Tom Morrison could bear no more, but stumbled heavily from the room, down-stairs, and out into his garden, where daybreak found him sitting, with his face buried in his hands, on the bit of rustic seat beneath the old weeping willow that grew in the corner, with its roots washed by the river that formed one of the boundaries of the little freehold.
The sun was rising gloriously, and the east was one sheet of gold and orange damask, shot with sapphire, as the sturdy workman rose.
“I must be a man over it—a man,” he faltered, “for her sake.” And he slowly strode into the house, and up-stairs, to find his wife kneeling where he had left her, wakeful and watching, with poor Budge fast asleep, with her head upon Polly’s lap, and her two roughened hands holding one of those of her mistress beneath her cheek.

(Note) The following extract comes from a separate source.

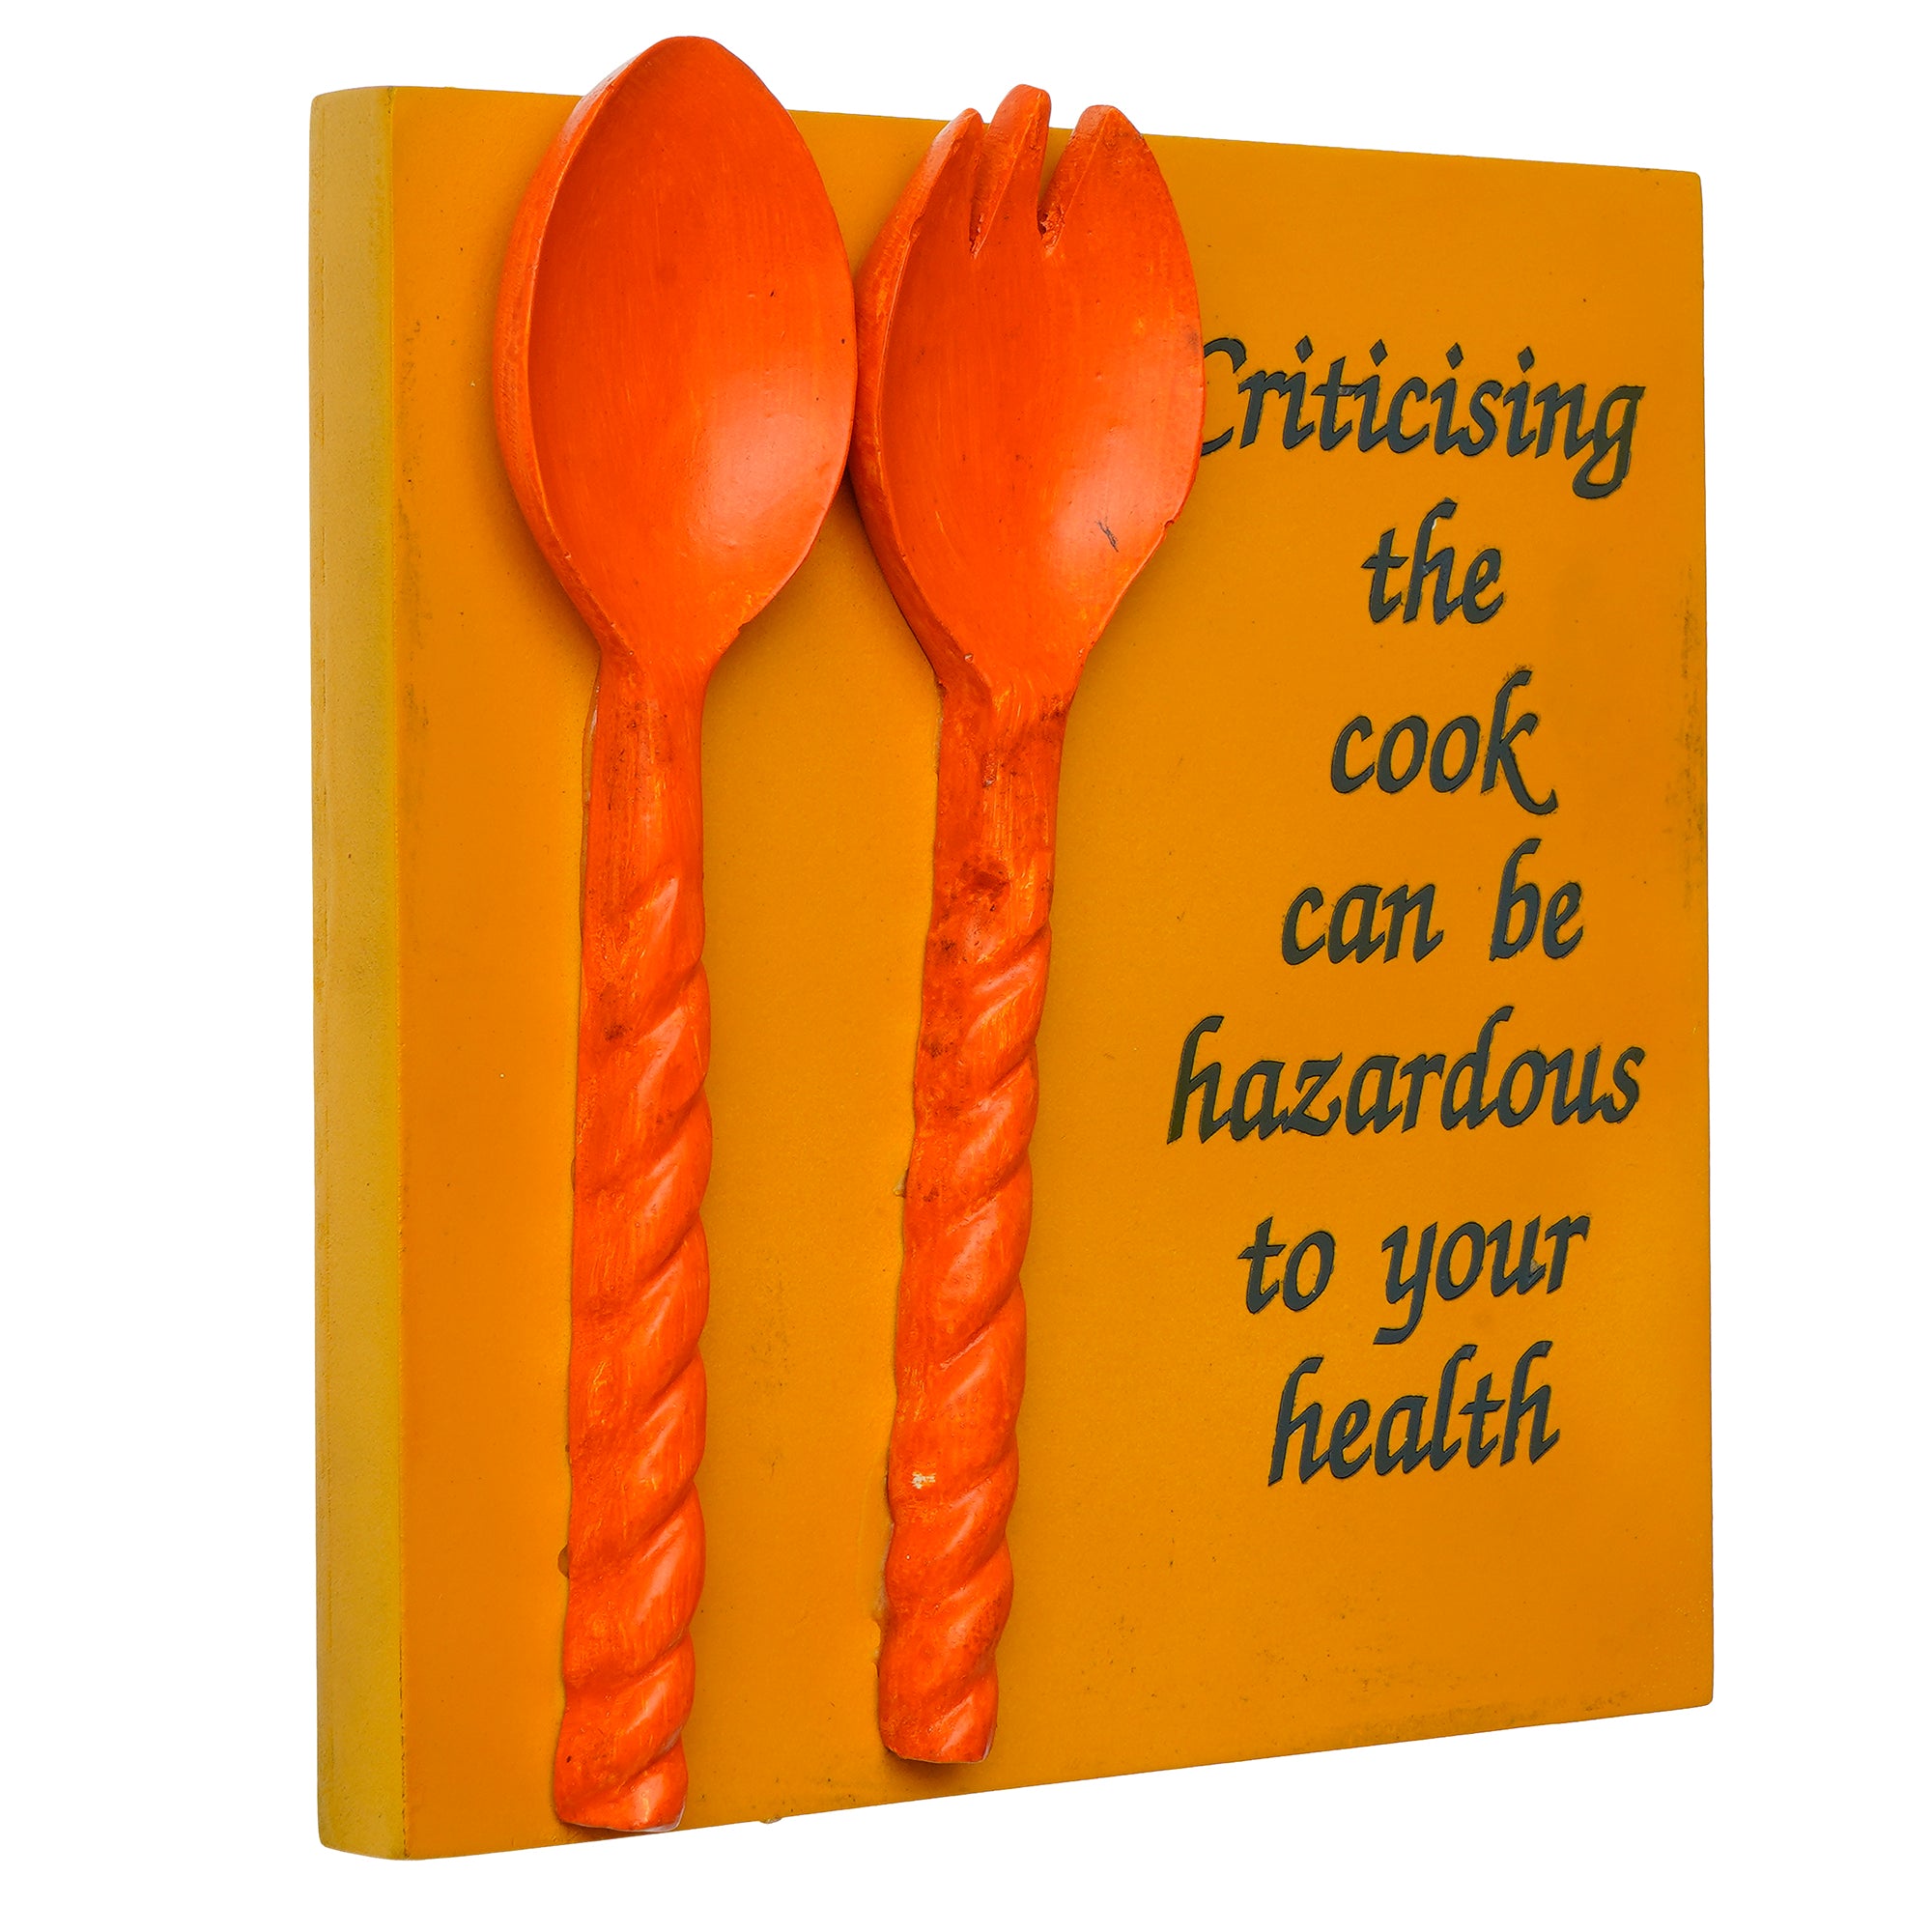 "Criticising the cook can be hazardous to your health" Kitchen Theme Decorative Wooden Wall Hanging 6

The wheelwright walked up to the sleeping babe, and kissed it; then, gently taking Budge’s head, he placed it upon a pillow from the bed; while, lastly, he raised poor Polly as though she had been a child, kissed her cold lips, and laid her down, covering her with the clothes, and holding one of her hands, as he bade her sleep; and she obeyed, that is to say, she closed her heavy eyes.
In the course of the morning, stern, crotchety old Vinnicombe, the Lawford doctor, sought out the stricken father, finding that he had not been to his workshop, but was down his garden, where, after a few preliminaries, he broke his news.
“What?” he said, starting. “There, sir, I’m dazed like now; please, say it again.”
“I’m very sorry, Morrison—very,” said the doctor, “for I respect you greatly, and it must be a great grief to your poor little wife; but I have seen him myself, as I did about Warner’s child, and he is very much cut up about it; but as to moving him, he is like iron.”
“I can’t quite understand it, sir,” said Tom, flushing. “Do you mean to say, sir, that parson won’t bury the child?”
“Well, it is like this, Morrison,” said the doctor, quietly, “he is a rigid disciplinarian—a man of High Church views, and he says it is impossible for him to read the Burial Service over a child that was not a Christian.”
“That was not a Christian?” said Tom slowly.